As more and more association studies employ whole genome sequences, it becomes important that novel association methods are evaluated for applicability and performance in genome wide association analyses. With this purpose, we used CIFBAT to analyze whole genome sequences of 784 nuclear families for uterine anomalies in mothers, represented as a binary phenotype. Samples of peripheral blood were collected from fathers, mothers and newborns at the Inova Fairfax Medical Center in Falls Church, Virginia, and sequencing was done at >40X depth using Complete Genomics' whole genome sequencing platform. Fifty-two (52) out of the 784 mothers were diagnosed with various uterine anomalies including endometriosis, bicornuate uterus, didelphic uterus, etc. (complete list in Text S1). These were used as cases in our study. Various filters were applied to the genomic markers to reduce noise in the data and to ensure applicability of family based association tests (Text S1). Altogether, we tested 3,808,482 autosomal markers under both FBAT as well as CIFBAT. A false discovery rate (FDR) cut-off of 10%, which translated to a p-value cut-off of 5.71e-05, was used to identify significant hits from FBAT. The p-value cut-off from FBAT results was also used to identify significant 95% QIs computed with CIFBAT. A QI was considered significant if the entire spread was below the p-value cut-off. A significant FBAT p-value together with a significant CIFBAT quantile interval indicated robustness against missing data. On the other hand, a significant FBAT statistic and a non-significant CIFBAT quantile interval hinted at potential bias in the FBAT statistic due to missing data.
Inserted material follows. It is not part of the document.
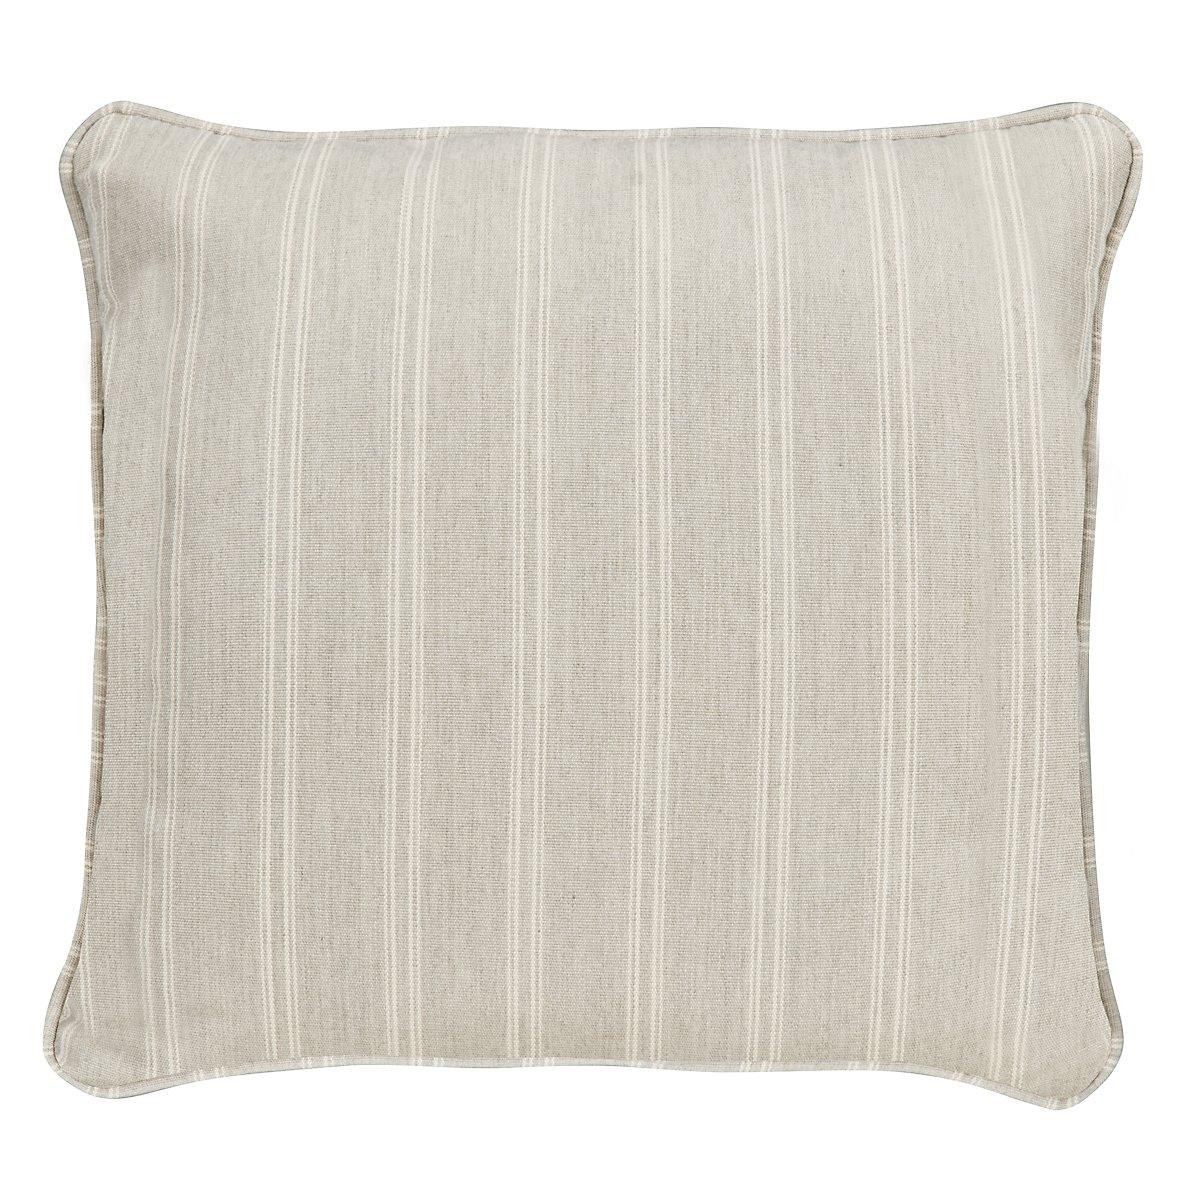 "Espadrille Light Gray Fabric 18"" Accent Pillow"

Real Data: Candidate Marker Set for Type 1 Diabetes

To demonstrate the use of CIFBAT in refining candidate sets of markers, we analyzed Type 1 diabetes data that consisted of a dichotomous phenotype variable and 351 markers within 22 candidate genes that have been previously identified as contributing to the risk of Type 1 diabetes. The data were collected by the Type 1 Diabetes Genetics Consortium (T1DGC). There were 2313 pedigrees consisting of 2345 nuclear families with one or more offspring. To ensure independence of nuclear families, we excluded one randomly selected family from every pair of families that had at least one common parent. We also excluded offspring whose type 1 diabetes affectation status was unknown as well as founders that had no sequenced offspring in the data. Finally, we were left with 2314 nuclear families with one or more offspring which we then analyzed using CIFBAT. An FDR cut-off of 10% was used to indicate significant results from FBAT. The equivalent p-value cut-off of 1.10e-02 was used to indicate significant results based on CIFBAT QIs. Again, a significant FBAT statistic with a significant CIFBAT quantile interval implied robustness against missing data, whereas a significant FBAT statistic with a non-significant CIFBAT quantile interval implied potential bias due to missing data.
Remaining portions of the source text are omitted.